++++ The data
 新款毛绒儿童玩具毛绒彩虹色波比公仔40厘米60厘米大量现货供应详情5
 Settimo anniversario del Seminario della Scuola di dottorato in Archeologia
++++++++
++++ The data
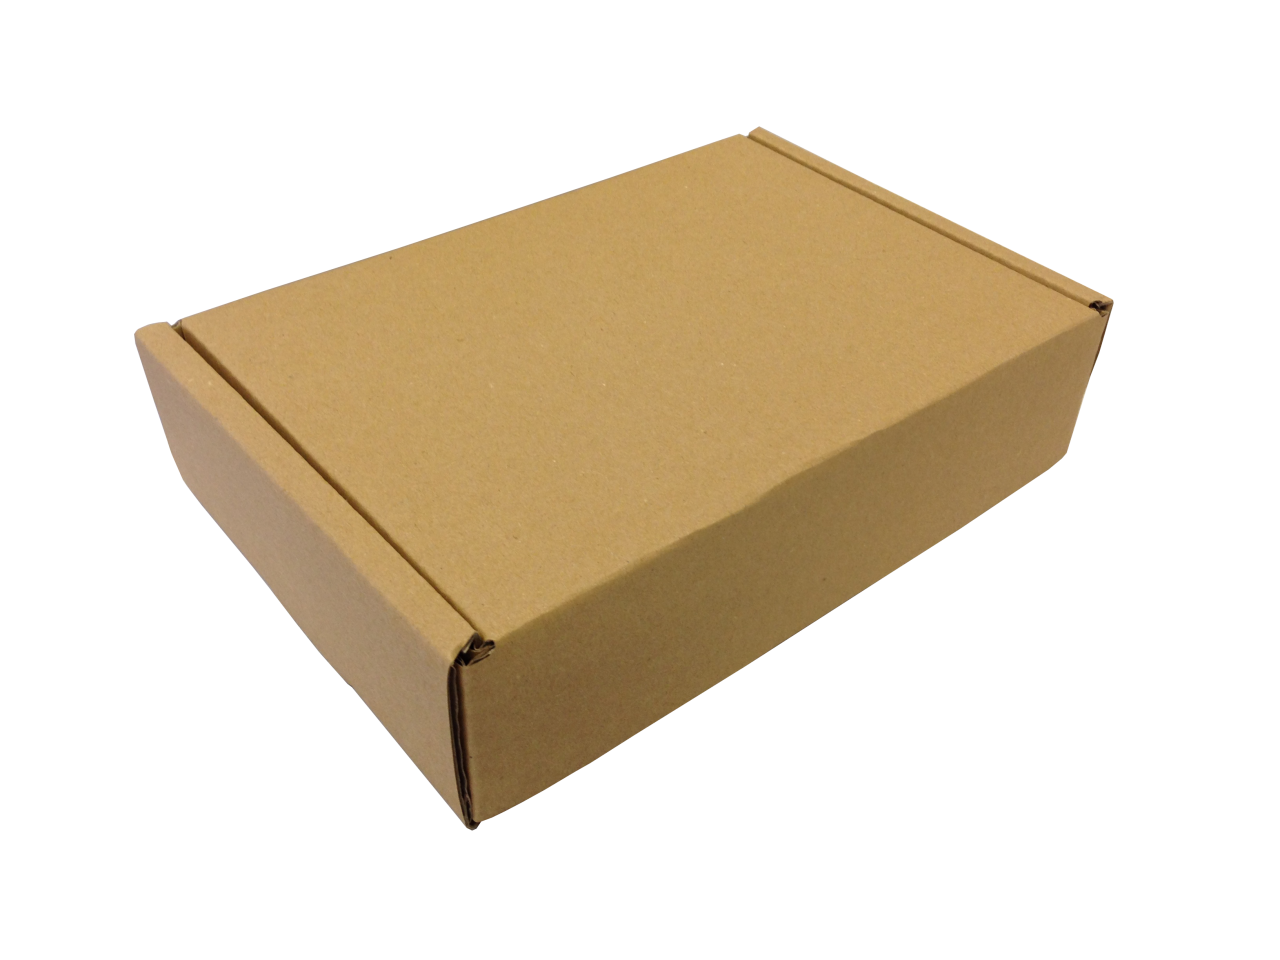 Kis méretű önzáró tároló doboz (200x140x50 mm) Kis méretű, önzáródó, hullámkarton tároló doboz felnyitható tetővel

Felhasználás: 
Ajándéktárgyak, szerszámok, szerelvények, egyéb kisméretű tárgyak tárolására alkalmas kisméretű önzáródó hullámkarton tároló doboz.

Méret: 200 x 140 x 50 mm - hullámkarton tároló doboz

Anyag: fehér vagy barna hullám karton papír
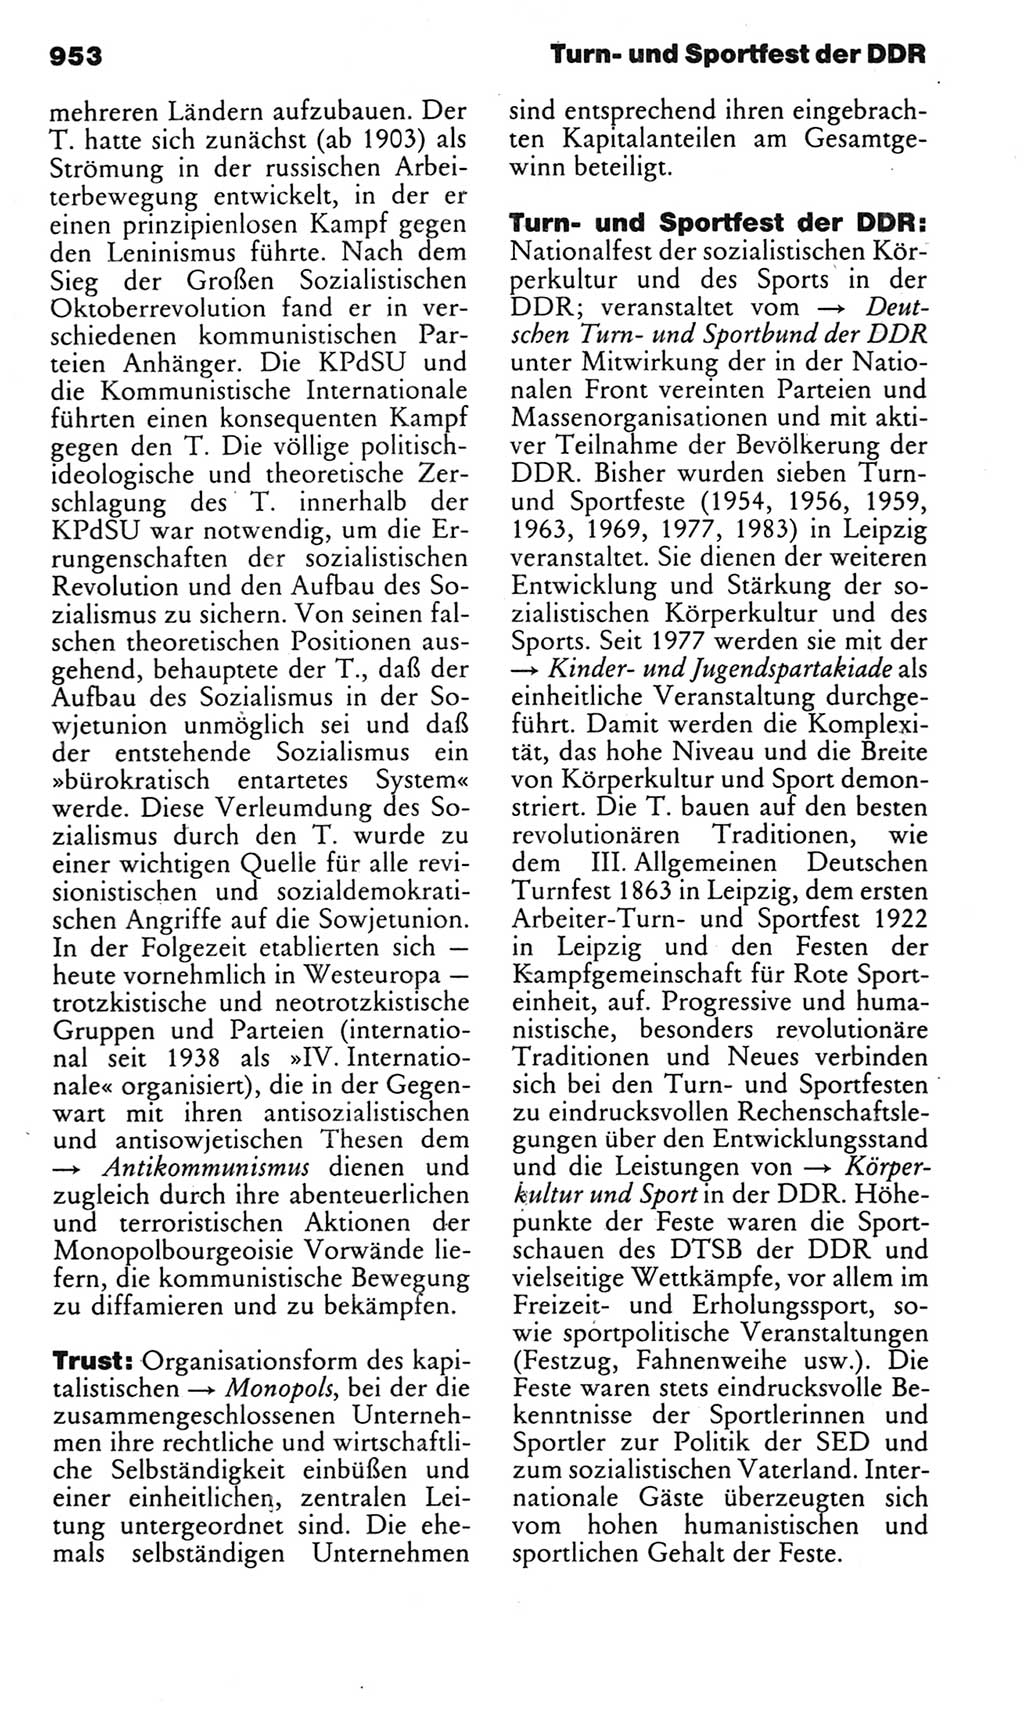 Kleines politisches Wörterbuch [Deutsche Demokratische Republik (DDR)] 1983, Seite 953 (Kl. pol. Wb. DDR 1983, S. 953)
++++++++
++++ The data
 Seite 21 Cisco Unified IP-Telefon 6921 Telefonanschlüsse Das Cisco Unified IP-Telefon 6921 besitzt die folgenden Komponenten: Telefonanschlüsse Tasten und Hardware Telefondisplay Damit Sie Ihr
++++++++
Reproduce the listing above from the line that holds "Méret: 200 x" through the line that holds "Kleines politisches Wörterbuch", both included, with the pictures left out.

__Worked solution__.
Méret: 200 x 140 x 50 mm - hullámkarton tároló doboz

Anyag: fehér vagy barna hullám karton papír
 Kleines politisches Wörterbuch [Deutsche Demokratische Republik (DDR)] 1983, Seite 953 (Kl. pol. Wb. DDR 1983, S. 953)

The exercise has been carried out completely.